Las balas le quitaron la voz. No alcanzó a decirle que el dinero estaba en su habitación, dentro de un sobre que, hace diez años, le fue regresado por no haber dado con el destinatario.

Ya sabía las intenciones de la mano nerviosa del amigo, quien nunca supo lo que tenía que decir. Que perdió un amigo como perdió el dinero. Todo por un malentendido.

Esa fue la revelación de la noche. La luz que vino a iluminar las tinieblas de mi desolación.

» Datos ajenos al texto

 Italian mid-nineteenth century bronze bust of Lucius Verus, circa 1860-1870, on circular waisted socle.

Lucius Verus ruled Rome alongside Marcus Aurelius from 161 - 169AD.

Al instante me sentí en compañía, con el ansia subiendo lento hacia mi deseo de escribir, de contar lo fortuito. Comenzar diciendo que aquí no pasa nada para narrar el apagón, llenar de vida las ventanas de un edificio, invadir la intimidad de los otros que no saben que son vistos. Yo visto por los otros, casi como una extraña puesta en abismo.

Cada vez son más espaciados los días de la escritura. Ya no es, al menos en el ordenador, un impulso constante, una tarea realizada como rutina. Me he descuidado. Cuelgo la toalla cada día que paso sin escribir una línea.

Culpo a la rutina que me infringe heridas de cansancio. Me levanto cada mañana con secuelas y cicatrices evidentes. Ya en el rostro se me ve el cansancio, y en el andar, la impaciencia que lleva al odio subrepticio por la gente que sufre inocente mi trepidante intolerancia.

Se me da el silencio ante la ofensa. Ese rechazo que expreso cuando las cosas no salen como yo quisiera. Cuando el castillo de mi orden se derrumba y mi día se ve privado de todo lo que aligera la carga de vivir.

Trabajo en lo nimio: llevo inventarios, limpio pisos y mesas, lavo platos. Contagio un falso buen humor y una forzada sonrisa porque se me paga para tal motivo.

Soy el desastre que no supe anticipar. El lamento fácil de mi medianía. Mi rechazo por las formas, por la falta de compromiso que los otros ejecutan con sus actos de inmejorable mediocridad.

Debo vivir con ellos, compartir el mismo espacio y sentir el odio o la envidia que se oculta en una frase de evidente sarcasmo. No saben que anticipo esa falta de honestidad. Que para mí el andarme con rodeos me parece una tarea agotadora. Que si quiero decir lo que pienso lo digo. O si me lo guardo, lo hago por la sana convivencia, para no hacer de la rutina un martirio utilizando la mentira como estratagema para la buena convivencia.

Las mil palabras son aún una cuesta arriba.

Al final dejaré caer la piedra de mi escritura para mañana.
Abatido por la fatalidad, volveré a empezar.